The history of Cyc has largely been folded into the history of artificial intelligence and has told from the perspective of the computer science community. Most of its record and documents are from the company archives, Cyc features in “artificial intelligence” histories,³⁴ and the company’s website markets its product as a “artificial intelligence” initiative. All of this seems to frame the work that Cyc does within the history of artificial intelligence, cybernetics, and software engineering. Reading Cyc in the larger history of late 1980s artificial intelligence does allow for some insight into the larger context for its epistemological grounding. In the history of cybernetics that N. Katherine Hayles sketches out, the 1980s saw a larger trend in cybernetic and cognitive science research that turn from autopoetic, closed systems to a “third-wave” of cybernetics marked by self-evolving systems where self-organization functions give rise to “emergence.” This paradigm emphasized flexibility and spontaneous evolution as key in generating autonomous systems:

In the rapidly emerging field of artificial life, computer programs are designed to allow “creatures” (that is, discrete packets of computer codes) to evolve spontaneously in directions the programmer may not have anticipated. The intent is to evolve the capacity to evolve.³⁵

Moving away from more rigid structures for autonomous artificial life, software programs were oriented towards flexibility, the capacity for evolving spontaneously. Hayles’ description of “third-wave” cybernetics certainly bears resemblance to the kind of emergence, self-evolving principle that accompanied Lenat’s 1980s and early 1990s descriptions of the Cyc project.

Yet, while the aspirations of the Cyc project seem to fit it into the trends of self-organizing behaviors and emergent AI, its material conditions during this time more resembled large-scale knowledge repositories and technologies that were concerned with the question of how to manage information, not how to create and sustain autonomous life.
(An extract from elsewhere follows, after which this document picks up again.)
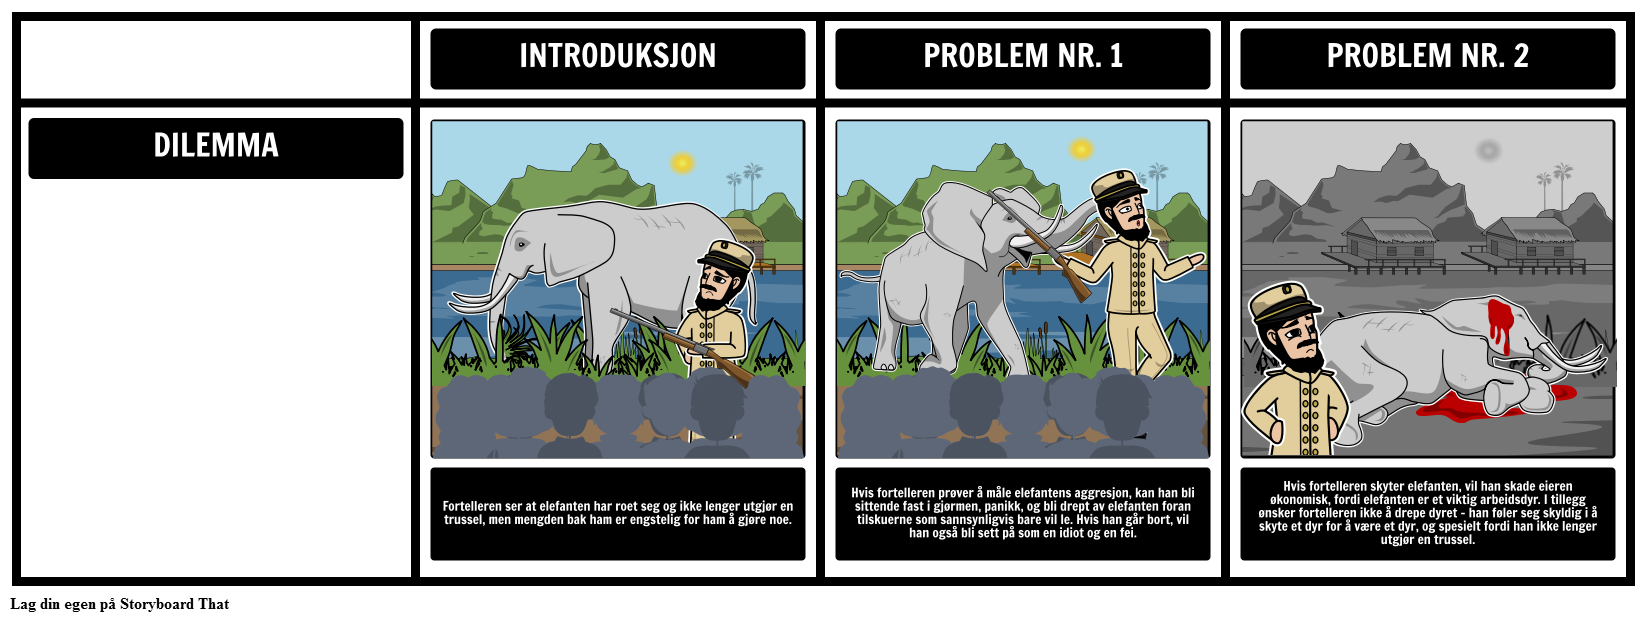 Analysere fortellerens dilemma i "Shooting an Elephant"

Though Cyc’s promotional materials and papers about the project all describe it in terms of artificial intelligence and the creation of an “intelligent agent,” the project was not––in the 1980s or later––ever actualized as this kind of self-evolving program. Cyclists even at the end of the first ten years of the project this were still encoding the knowledge base, writing facts, statements, and placing new elements into ontologies. Moreover, the project was never geared toward writing a script for a reasoning machine. The project conceived of its machine-learning as growing out of an existing, human-constructed repository of ordered information. As Cyc is both an artificial intelligence project and, perhaps more importantly, an information management one, its position was always one oriented towards theories of knowledge derived from both AI and information science.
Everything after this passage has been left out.